Figure 6

Effect of soluble TWEAK on osteoclast formation and function. Human unfractionated PBMC were cultured for nine days in medium containing rhM-CSF only (25 ng/ml) (A), M-CSF and rhTWEAK at 100 ng/ml (B), 400 ng/ml (C) or 800 ng/ml (D), M-CSF and rhRANKL (50 ng/ml) (E), or all of M-CSF (25 ng/ml), RANKL (50 ng/ml) and TWEAK (100 ng/ml) (F). Cultures were then fixed and stained for TRAP. (G) Multinucleated cells (MNC), containing >3 nuclei, positive for TRAP, were counted from quadruplicate wells. Data are expressed as means ± standard deviation. Significant differences were determined by one way analysis of variance (ANOVA) with Tukey post-hoc test: ^a indicates difference to M-CSF only control (P < 0.001) and ^b denotes difference to M-CSF+RANKL treatment (P < 0.05). (H) PBMC were seeded onto dentine slices in the presence of rhM-CSF (25 ng/ml) with the addition of rhRANKL (50 ng/ml) and/or rhTWEAK as indicated.
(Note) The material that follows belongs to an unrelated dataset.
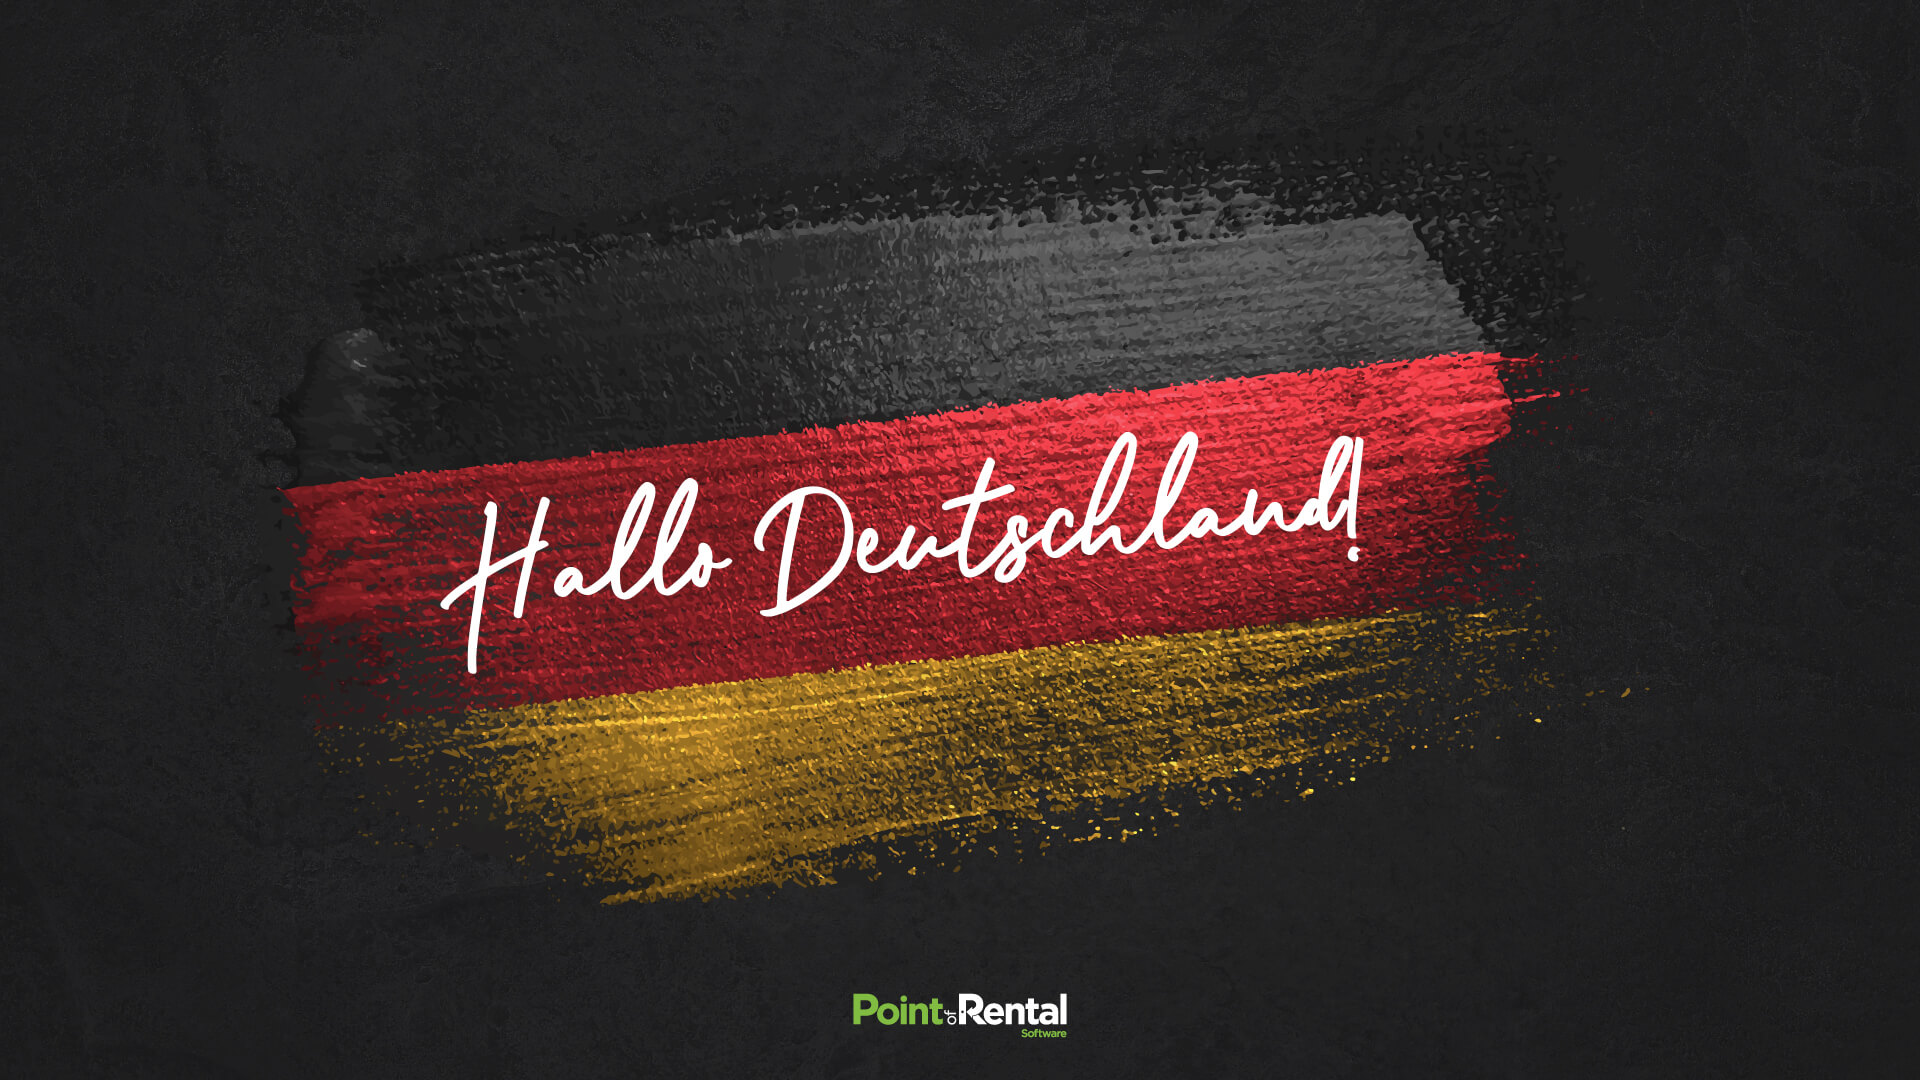 German office press release - Hallo, Deutschland!

Resorption was assessed after 14 days of culture by SEM and is expressed as the mean ± SD resorption expressed as a percentage of that measured for the RANKL/M-CSF control. Data shown are pooled from two independent experiments with resorption assessed for four dentine slices/treatment/donor. No significant differences were observed between RANKL treatments.